Intense Battle Looms over NCLB

Published February 1, 2006

No Child Left Behind (NCLB), which marked its fourth birthday January 8, is likely to provoke increasingly intense debate on Capitol Hill throughout 2006. Amid ever-shifting political dynamics, it will be up for congressional reauthorization in 2007. Many questions will arise–indeed, already have–including:

  • Is this latest version of the mammoth education law–originally enacted in 1965 as the Elementary and Secondary Education Act–making enough of a difference in closing the achievement gap for minority-group children?
  • Is it imposing unreasonable demands on state and local school systems?
  • Or is the opposite true: Does NCLB let localities “game” test results to show themselves in the best possible light?

Standards a Concern

NCLB requires states to test children in reading and math annually in grades 3-8 and once in high school. However, in keeping with the principle of federalism, it allows the states to set their own standards and adopt their own tests. Some critics believe this ensures a race to the bottom as states and localities demand less from students in order to avoid having many schools officially designated as “in need of improvement.”

U.S. Education Secretary Margaret Spellings is willing to be flexible in regulatory enforcement, so long as states remain faithful to NCLB goals. On November 18, she announced a key concession: a pilot project allowing up to 10 states to use a “growth model” showing the improvements individual students are making year to year, rather than measuring them against an absolute benchmark.

Some analysts believe such a “value-added” approach is a fair way to measure progress, but others worry it would lower expectations for disadvantaged children.

All of which leads to even bigger questions: Should NCLB make way for national standards and national tests, such as former president Bill Clinton sought during his administration? Or should the nation stay the course with NCLB, which requires all pupils to be proficient in reading and math skills by 2013?

Choice Progress Slow

Finally, what about school choice?
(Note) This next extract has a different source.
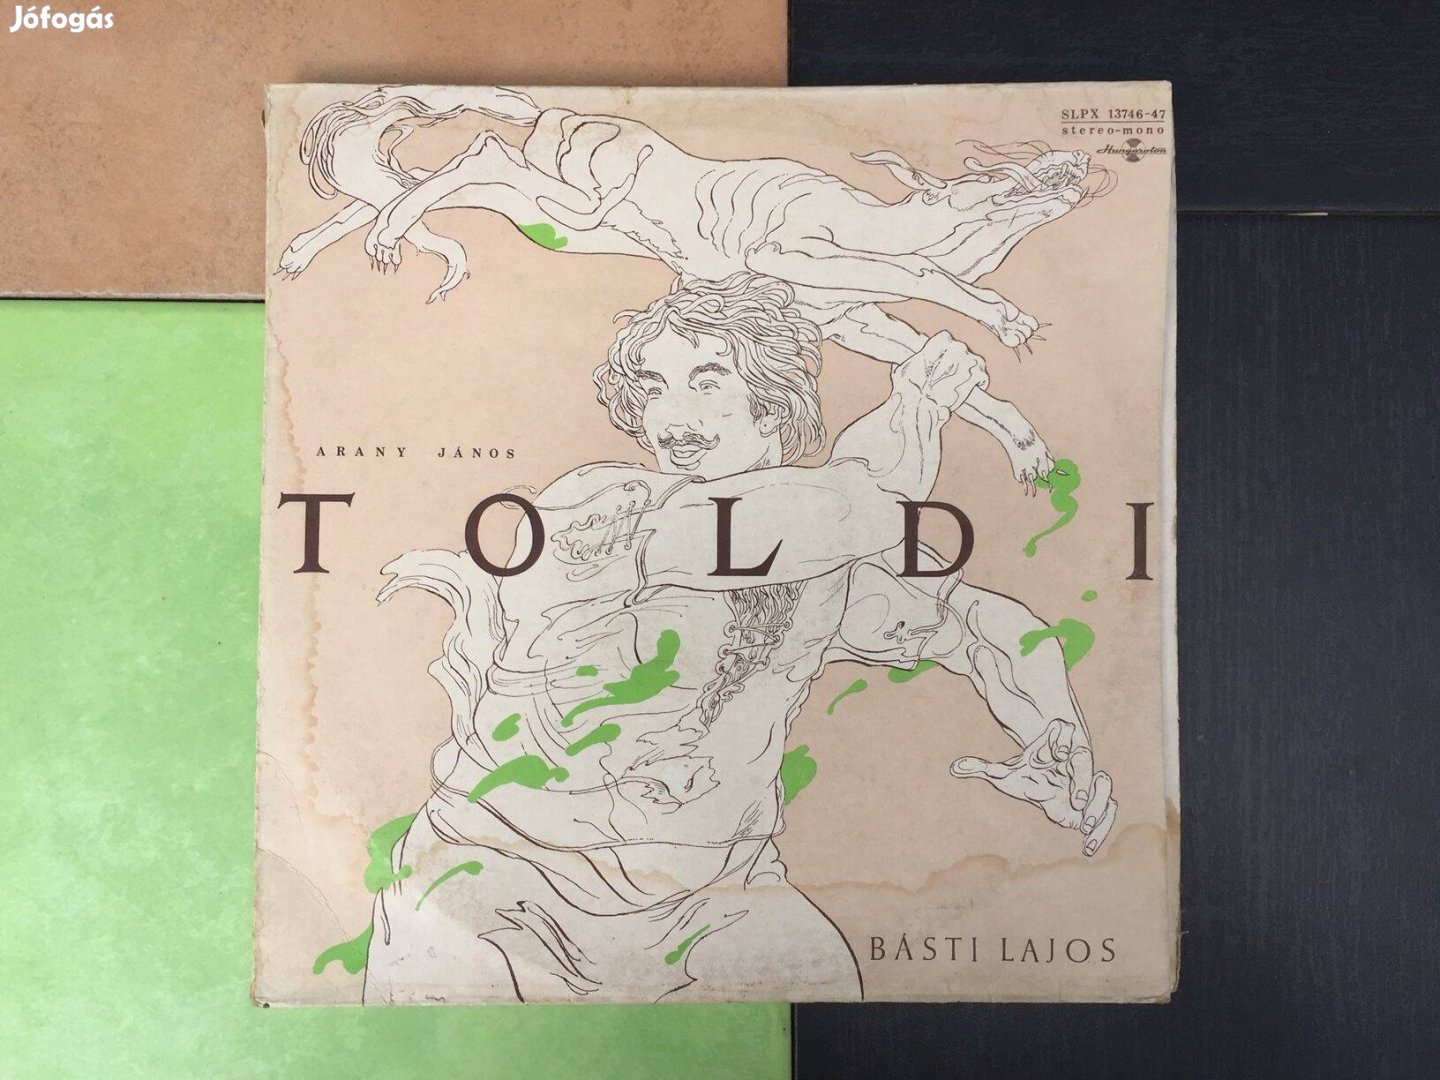 Arany János - Toldi - Básti Lajos - dupla album

A recent report, “School Choice for Student Success,” published by the U.S. Education Department’s Office of Innovation and Improvement, reminded us that public school choice is supposed to have a significant role under the current NCLB. Any child in a school serving a high percentage of students from low-income homes that a state has found to be “in need of improvement” becomes eligible to move to a different public school in the same district.
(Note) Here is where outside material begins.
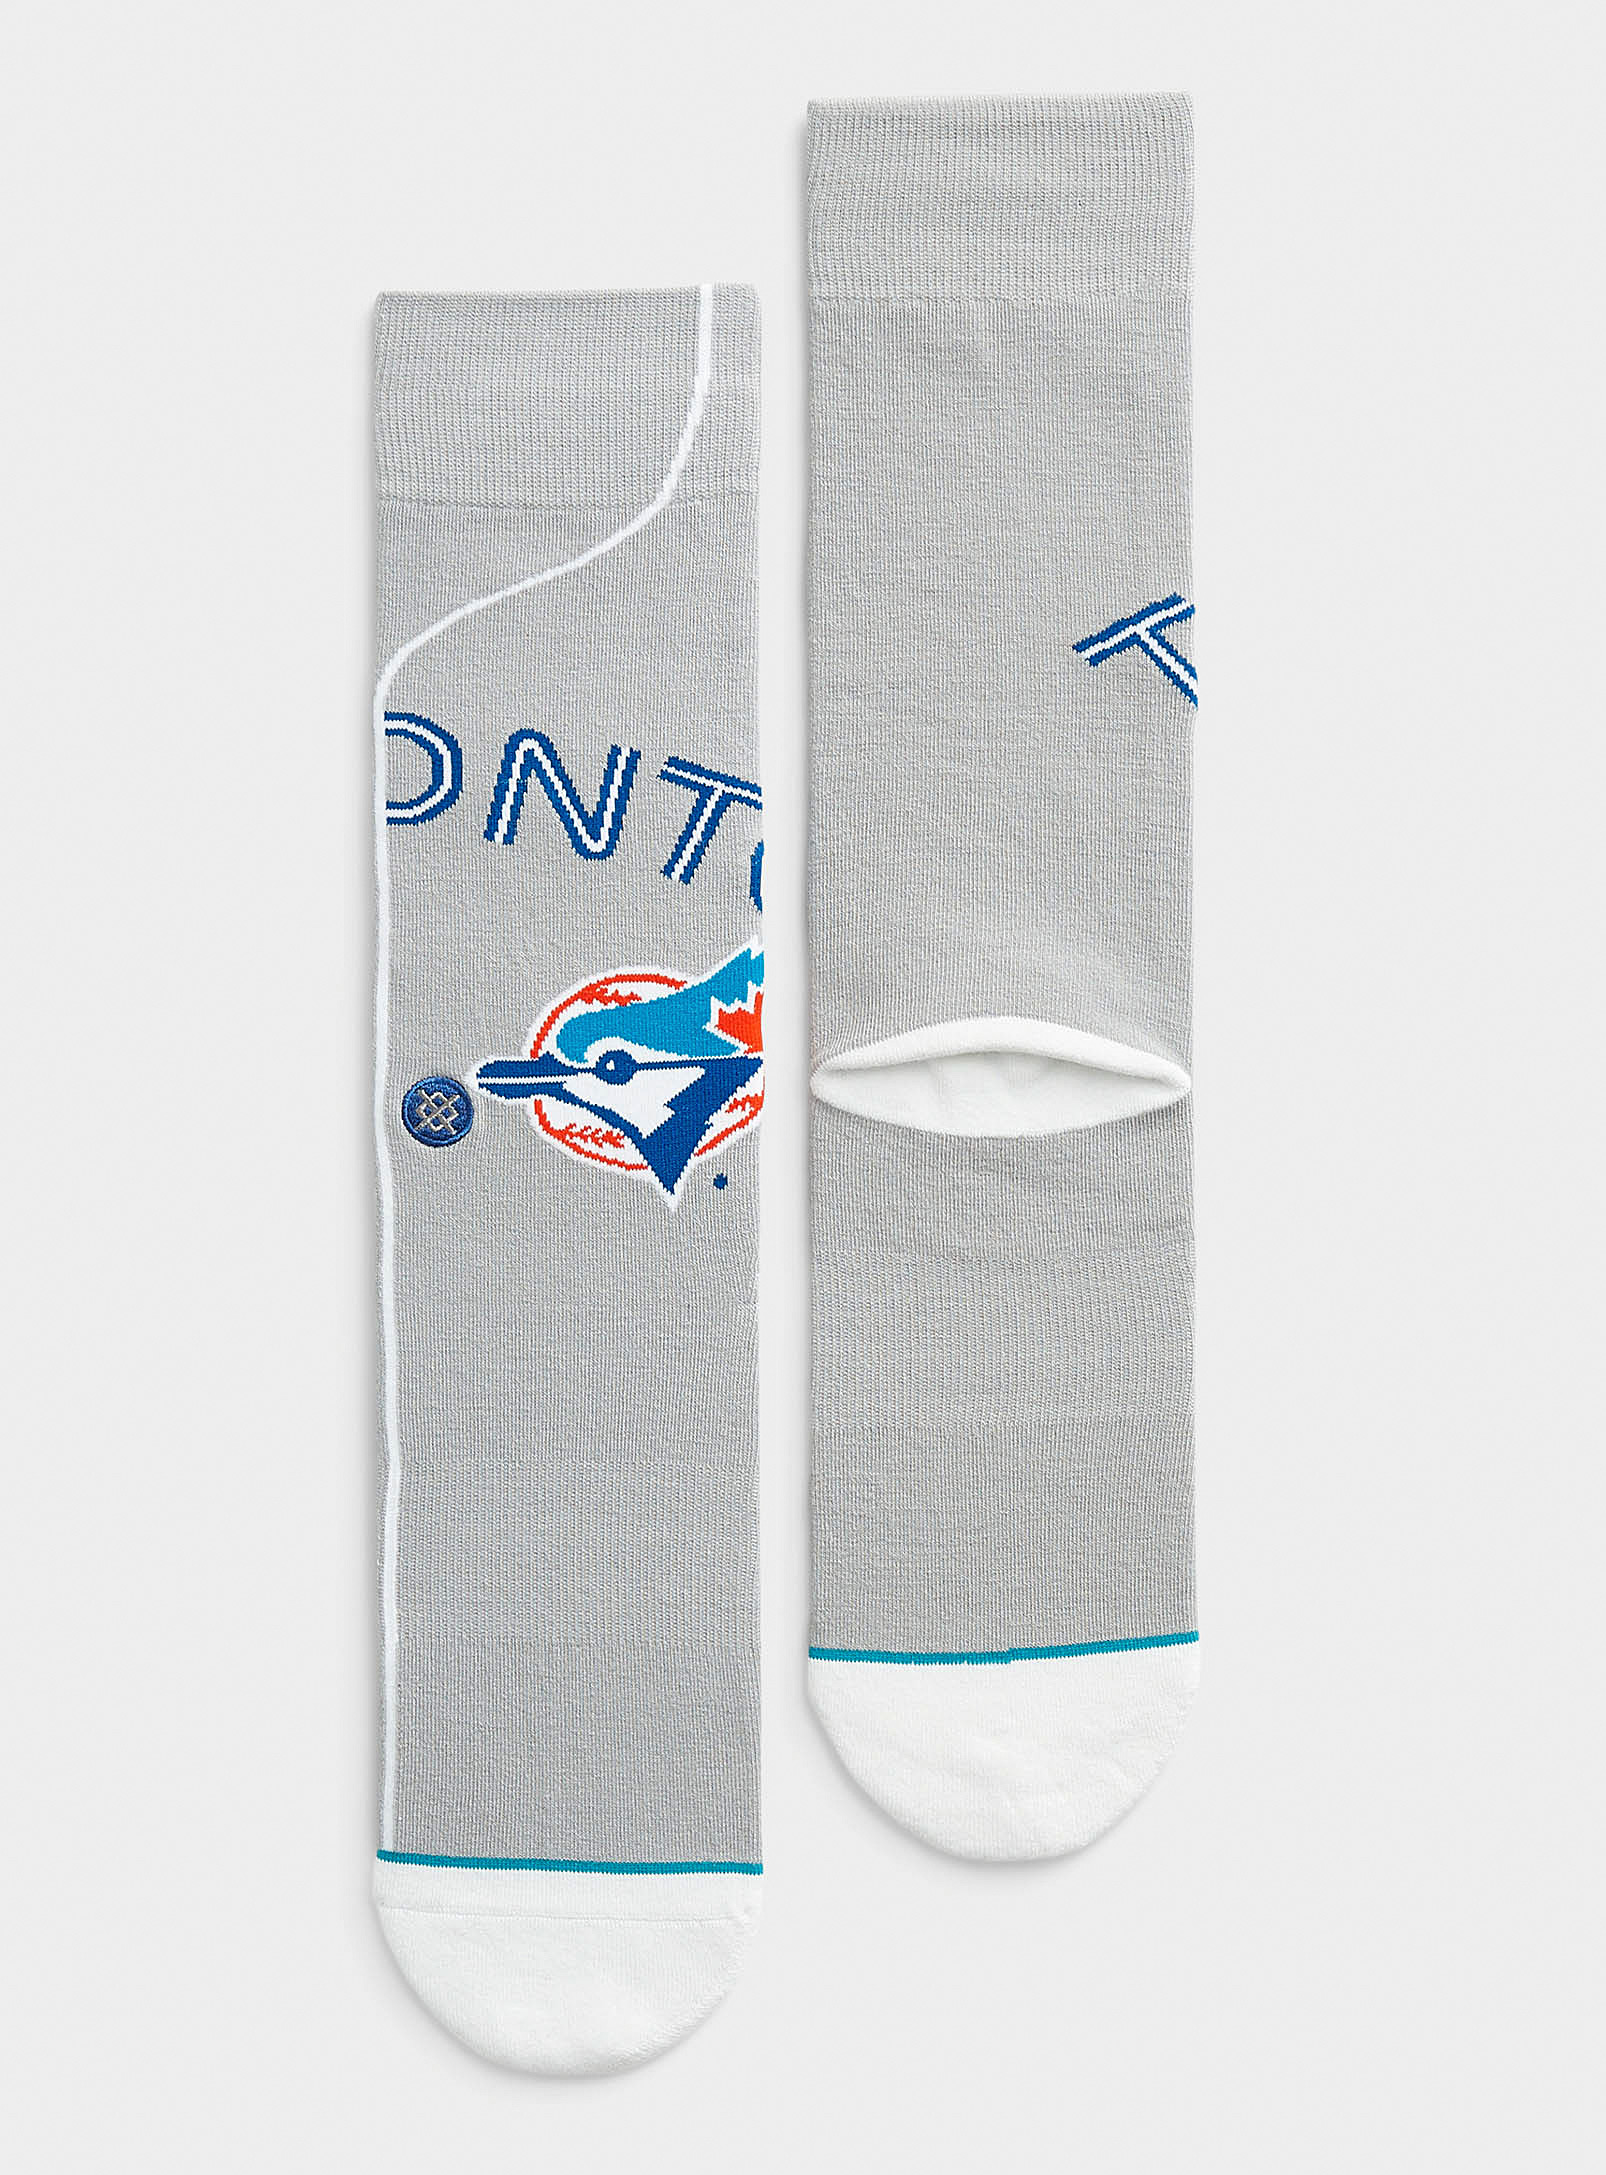 Stance Blue Jays Socks In Gray

“A child does not have to come from a low-income family to take part in public school choice,” the authors noted. “In some cases, children may also be able to move to a school outside of their home district.”

However, until moved by the Hurricane Katrina catastrophe, Congress was slow to recognize the power of unlimited school choice to bring educational opportunity to all, regardless of location or status. Will the new NCLB build on that principle, or back away from it?


Robert Holland ([email protected]) is a policy analyst for the Lexington Institute in Arlington, Virginia.